Un personnage peut aussi livrer des aspects de sa personnalité de manière indirecte ou implicite. Le langage fait partie de ces indices. En effet, le vocabulaire, le niveau de langue et la tonalité employés en révèlent parfois beaucoup sur le personnage.

Émile Zola utilisait beaucoup ce procédé pour souligner indirectement les habitudes de ses protagonistes. Certains éléments symboliques peuvent être porteurs d’informations sur le personnage.
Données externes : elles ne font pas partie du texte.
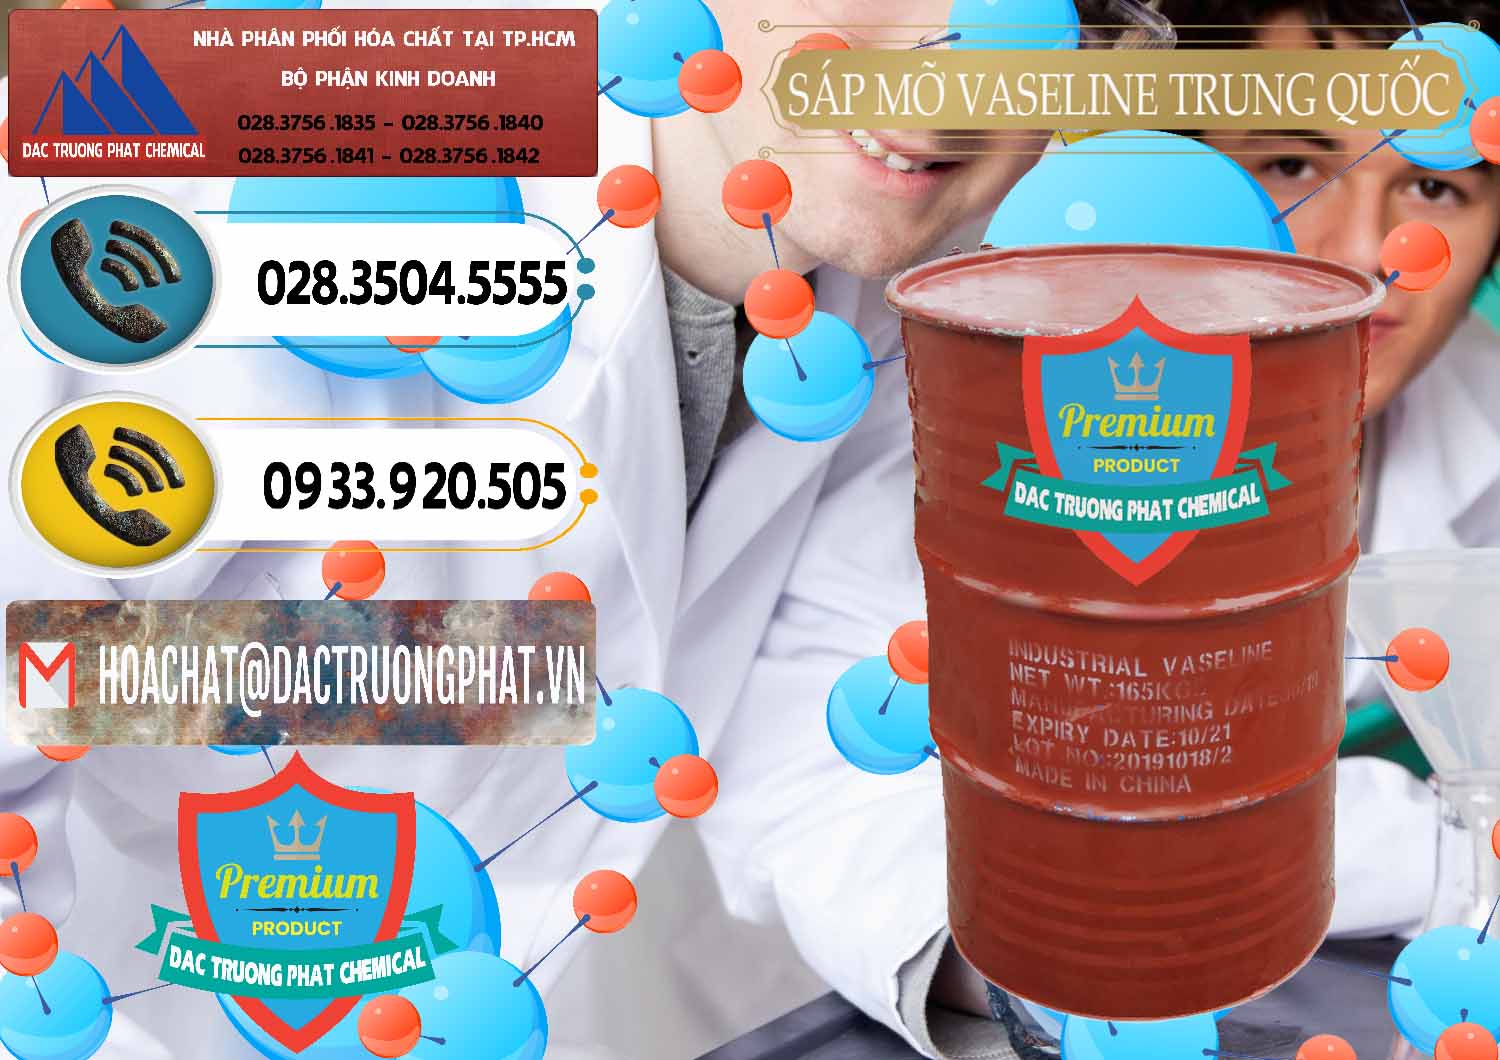 Chuyên cung cấp ( bán ) Sáp Mỡ Vaseline Trung Quốc China - 0122 - Công ty chuyên cung cấp ( bán ) hóa chất tại TP.HCM - hoachatdetnhuom.vn

Dans l'incipit de Madame Bovary de Flaubert par exemple, le narrateur décrit longuement la casquette affreuse de porte Charles Bovary lors de son arrivée dans une nouvelle école. Par ce biais, il discrédite d'emblée un personnage déprécié tout au long du récit à cause de sa passivité.

Conclusion :

La notion de personnage romanesque ne peut se concevoir que dans l’étude de son évolution, car le roman exprime avant tout une vision du monde qui varie selon les auteurs, les époques et les mentalités.
Jusqu’au XVIIe siècle, le personnage de roman est un héros et un exemple pour les lecteurs. Ce modèle s’écroule au fil du temps, jusqu’à la disparition du personnage traditionnel au XXe siècle. En effet, depuis le XVIIesiècle, le romancier s’est attaché à faire de son personnage le reflet du réel, par une caractérisation qui peut être explicite ou plus implicite, et laissée à la compréhension du lecteur.